Assignment: For this exercise, copy all the data exactly and include none of the pictures.

Data excerpt:
Start of Block

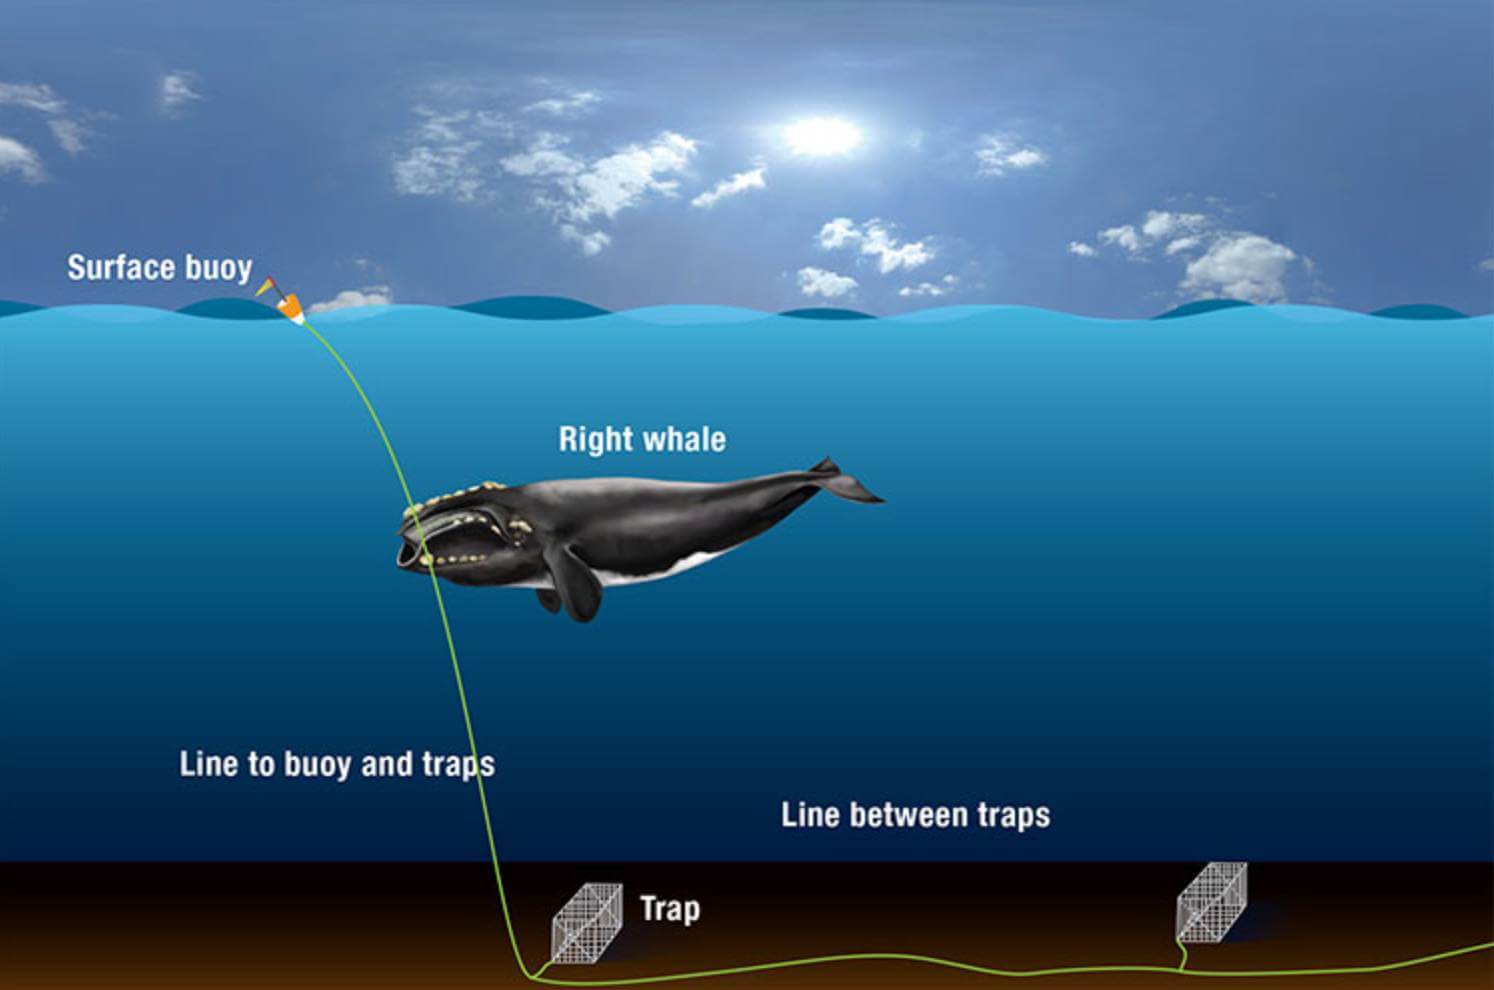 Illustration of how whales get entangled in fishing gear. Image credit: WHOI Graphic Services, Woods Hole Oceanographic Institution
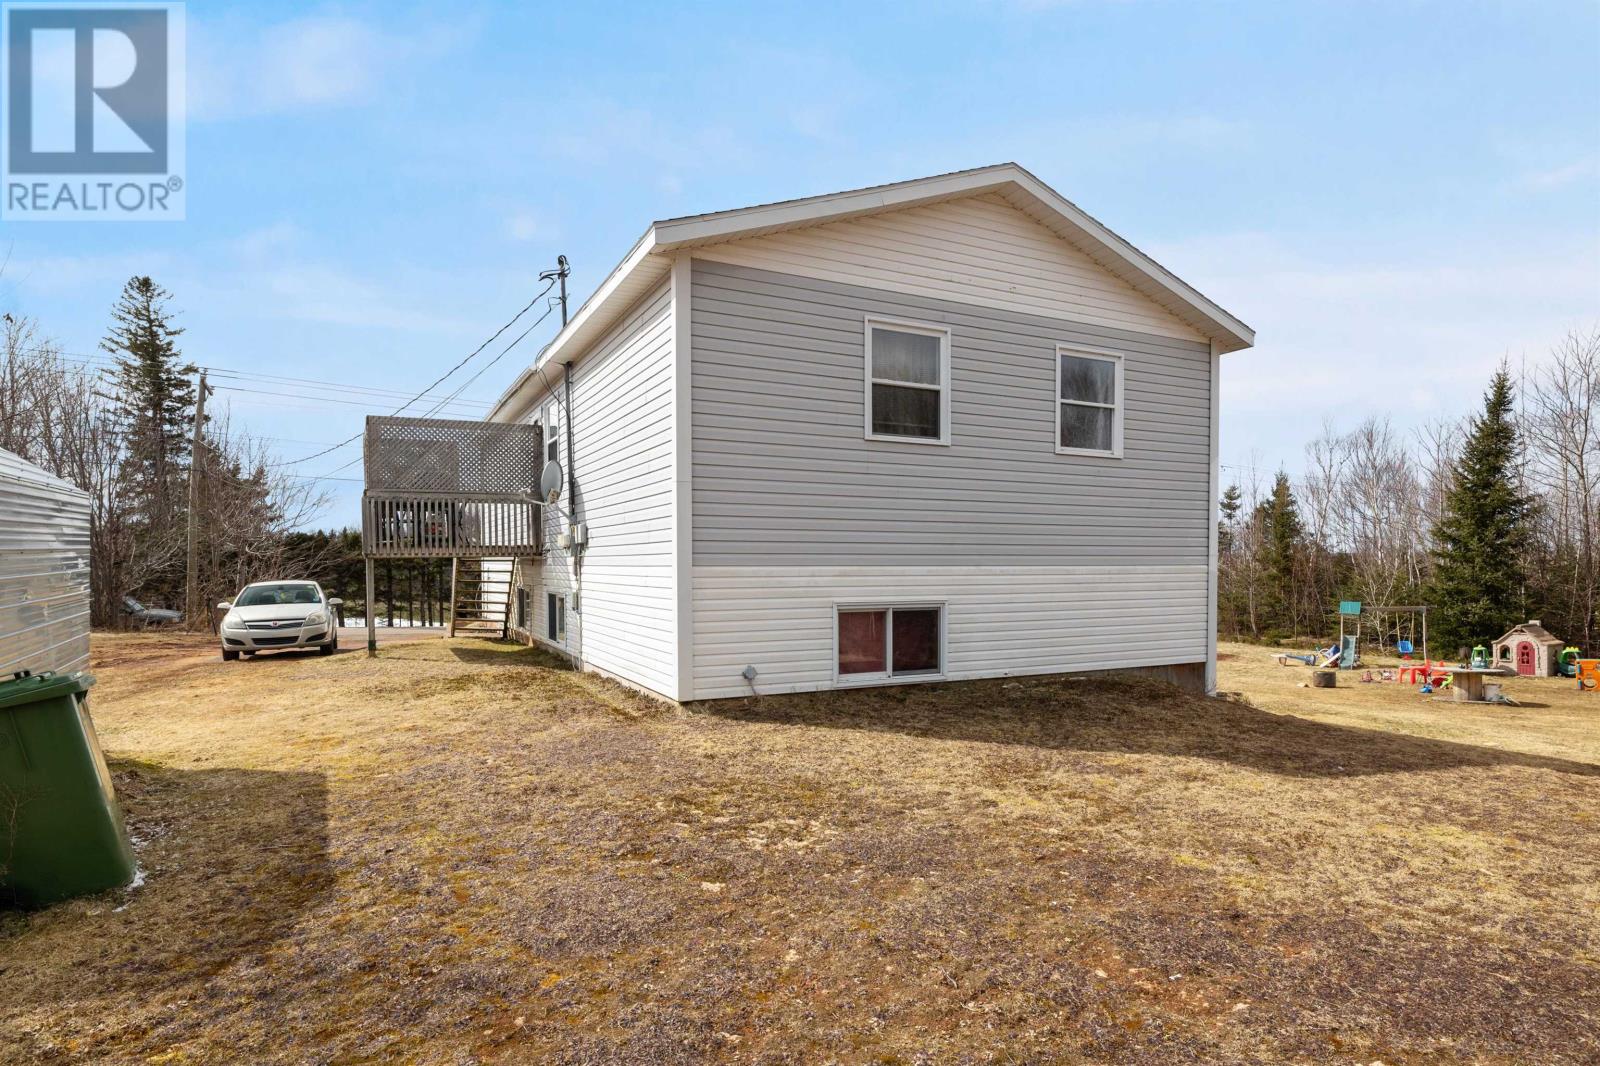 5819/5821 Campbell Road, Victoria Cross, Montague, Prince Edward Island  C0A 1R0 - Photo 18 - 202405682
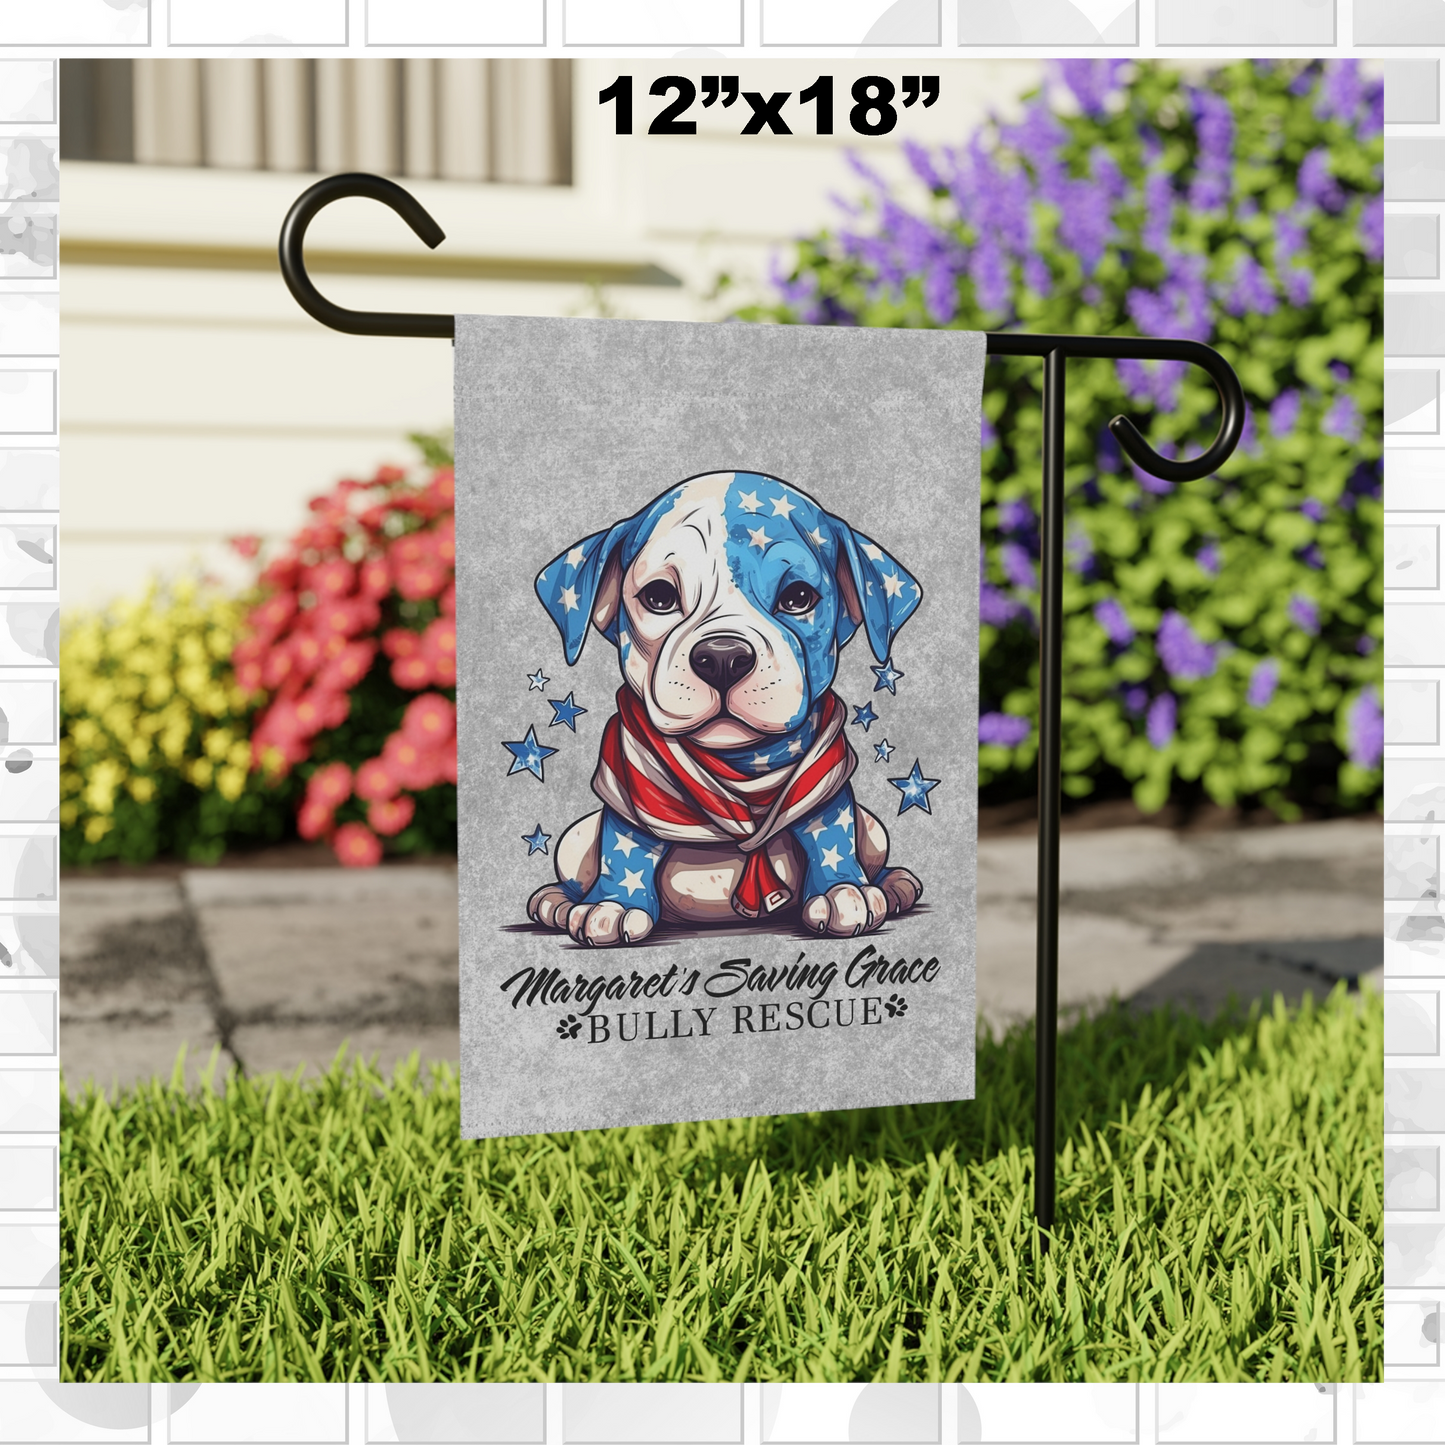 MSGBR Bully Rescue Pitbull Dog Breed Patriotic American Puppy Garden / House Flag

End of Block

Output of the task:
 Illustration of how whales get entangled in fishing gear. Image credit: WHOI Graphic Services, Woods Hole Oceanographic Institution
 5819/5821 Campbell Road, Victoria Cross, Montague, Prince Edward Island  C0A 1R0 - Photo 18 - 202405682
 MSGBR Bully Rescue Pitbull Dog Breed Patriotic American Puppy Garden / House Flag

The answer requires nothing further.